#### Exercise brief:
Exactly as written, return all the data, leaving its pictures behind.

#### Stored data:

--- START ---

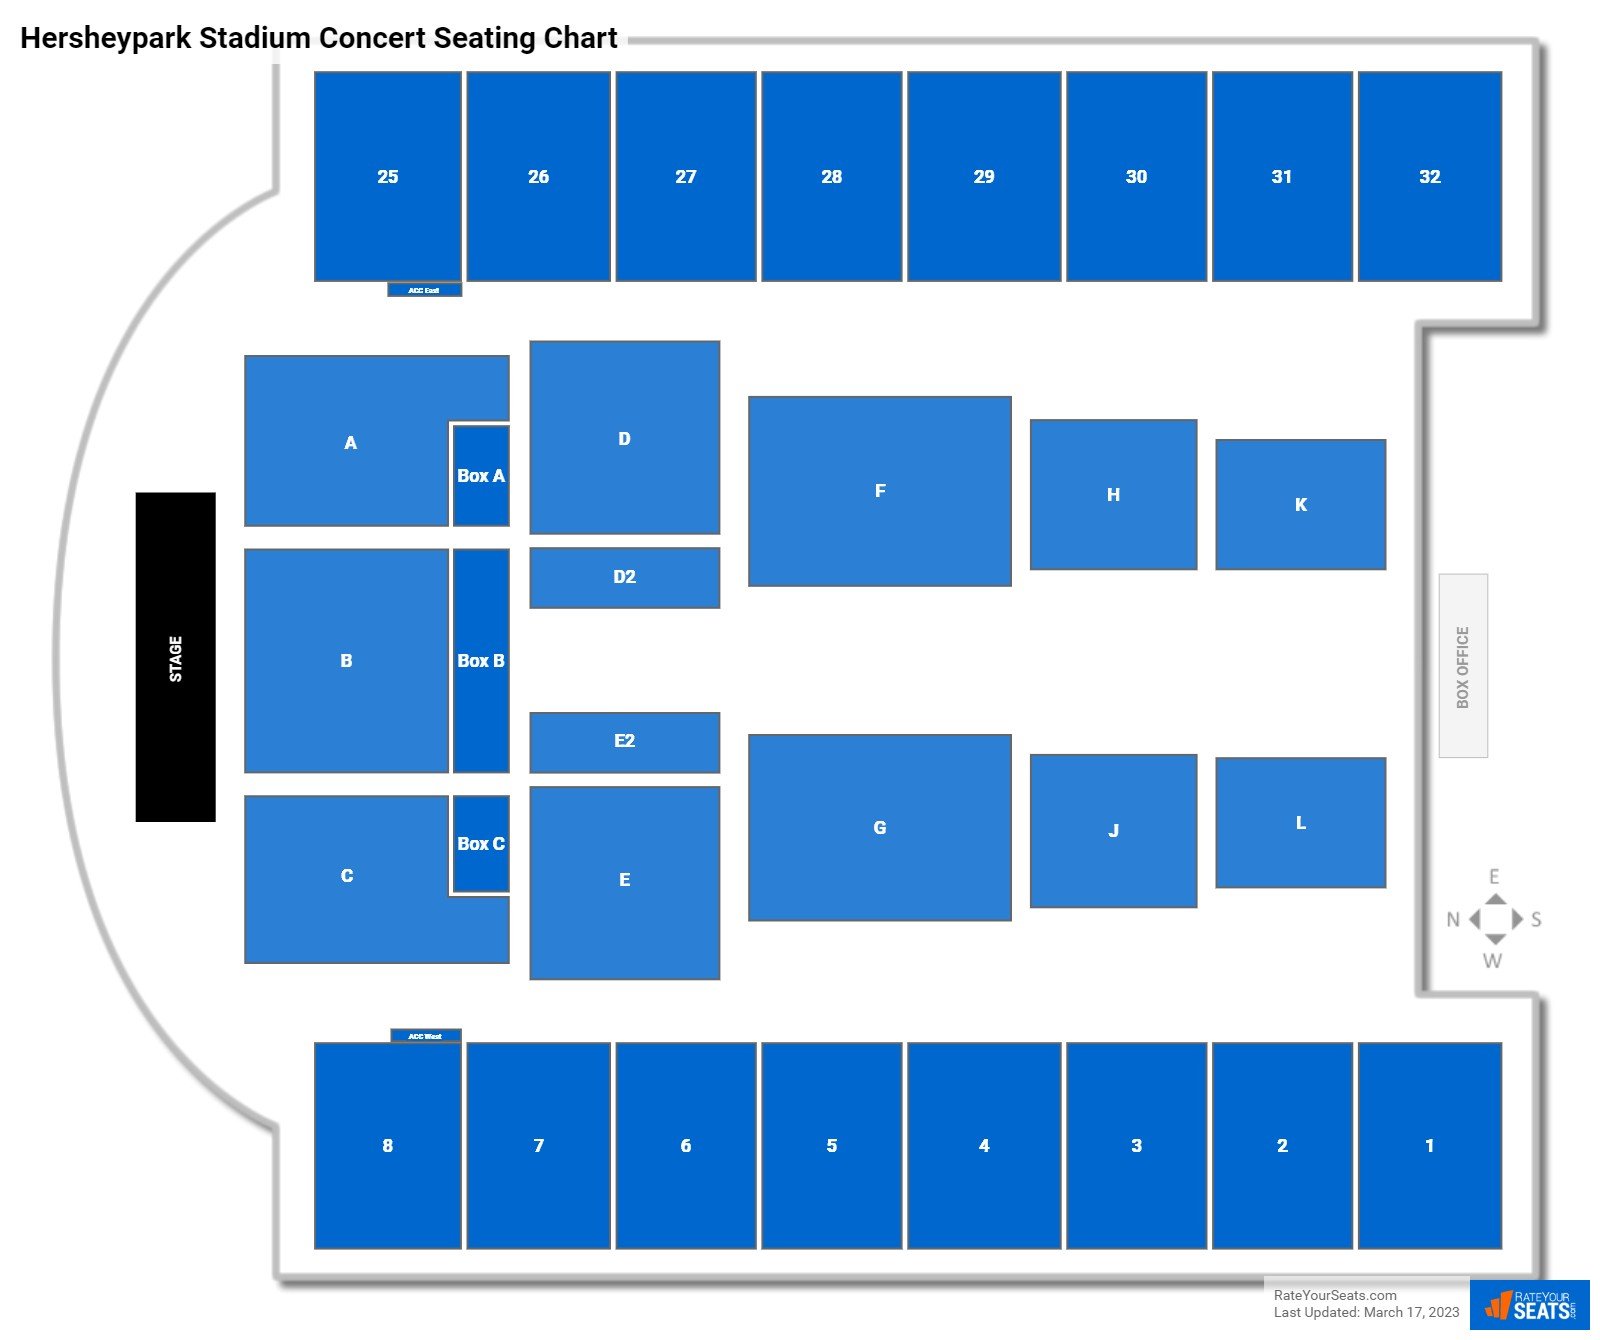 Hersheypark Stadium Seating Chart Rateyourseats Com
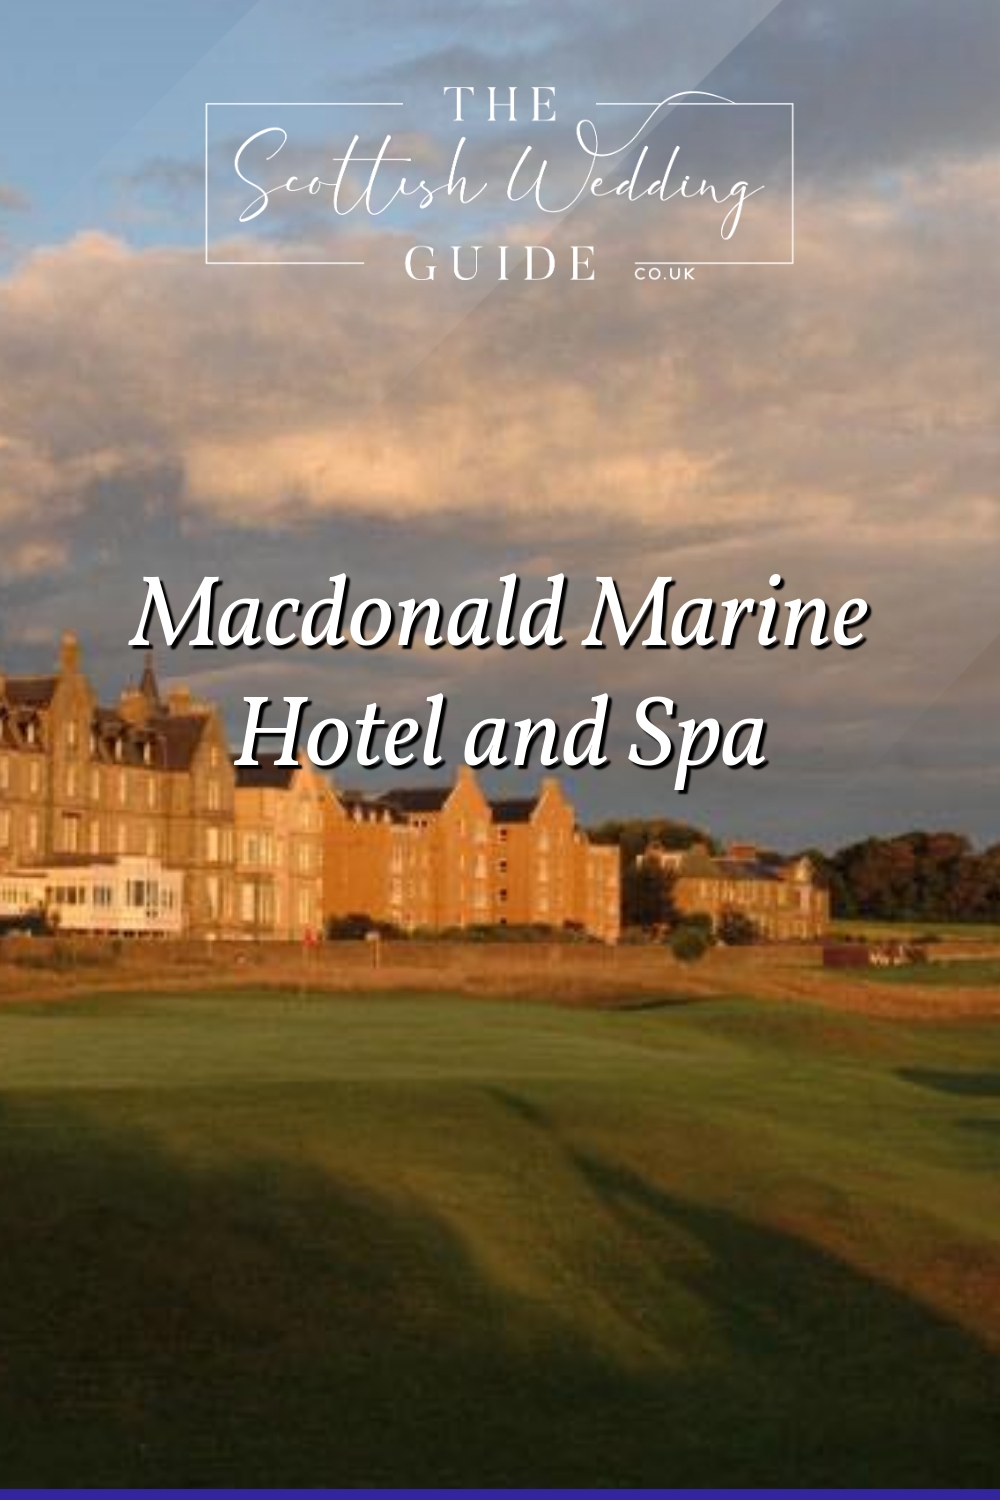 Macdonald Marine Hotel and Spa
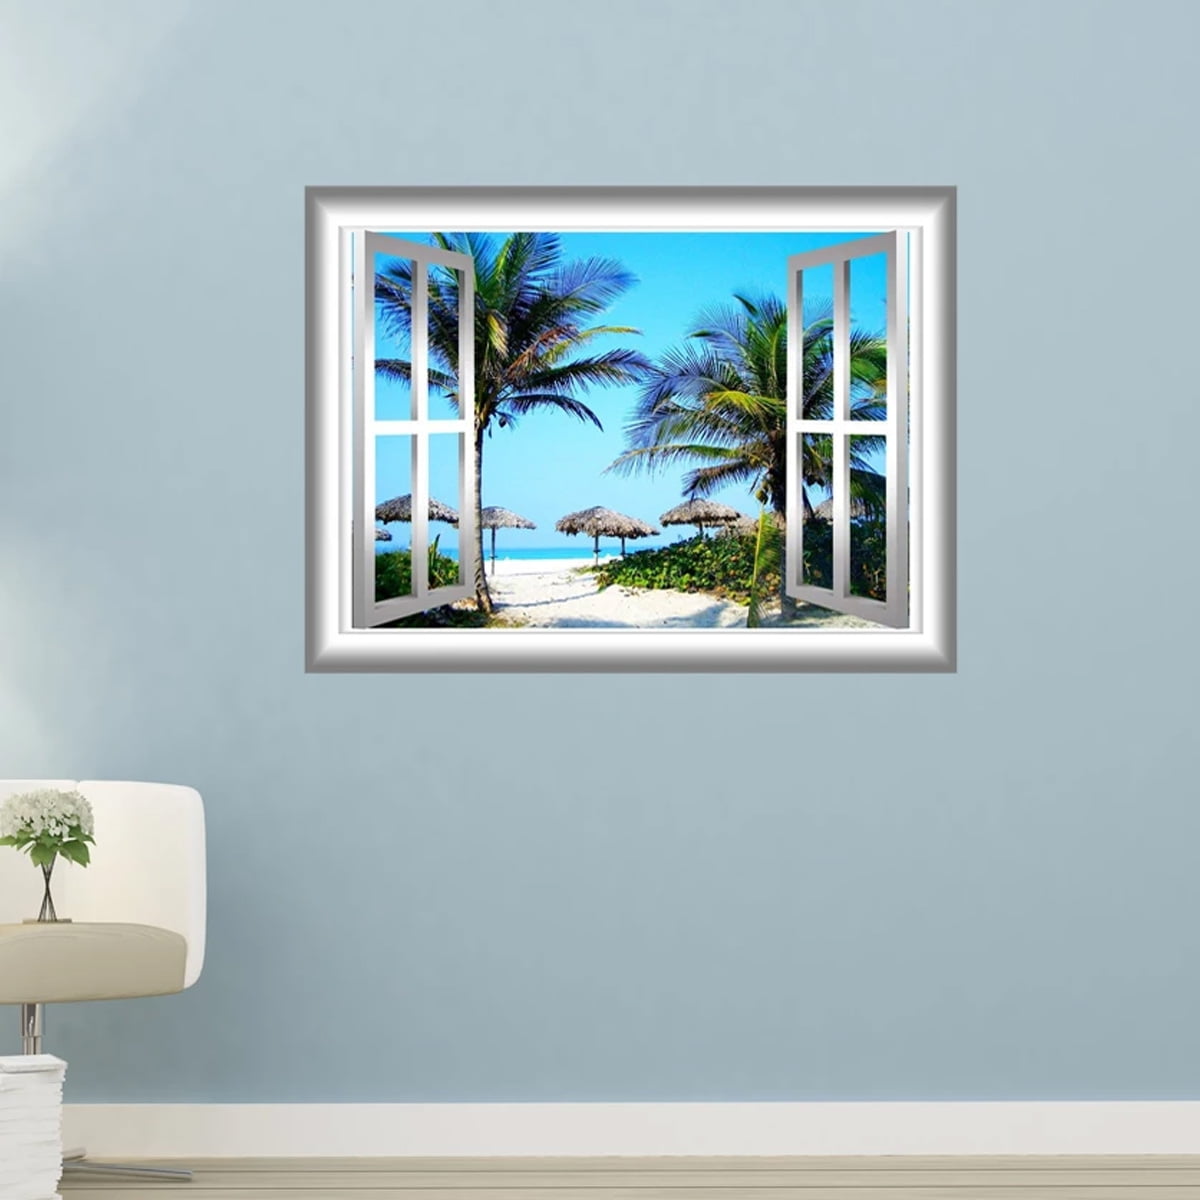 Huge Window Wall sticker Beach Palm Vinyl Decor 3d Mural Art Home Removable

--- END ---

#### Output for this task:
 Hersheypark Stadium Seating Chart Rateyourseats Com
 Macdonald Marine Hotel and Spa
 Huge Window Wall sticker Beach Palm Vinyl Decor 3d Mural Art Home Removable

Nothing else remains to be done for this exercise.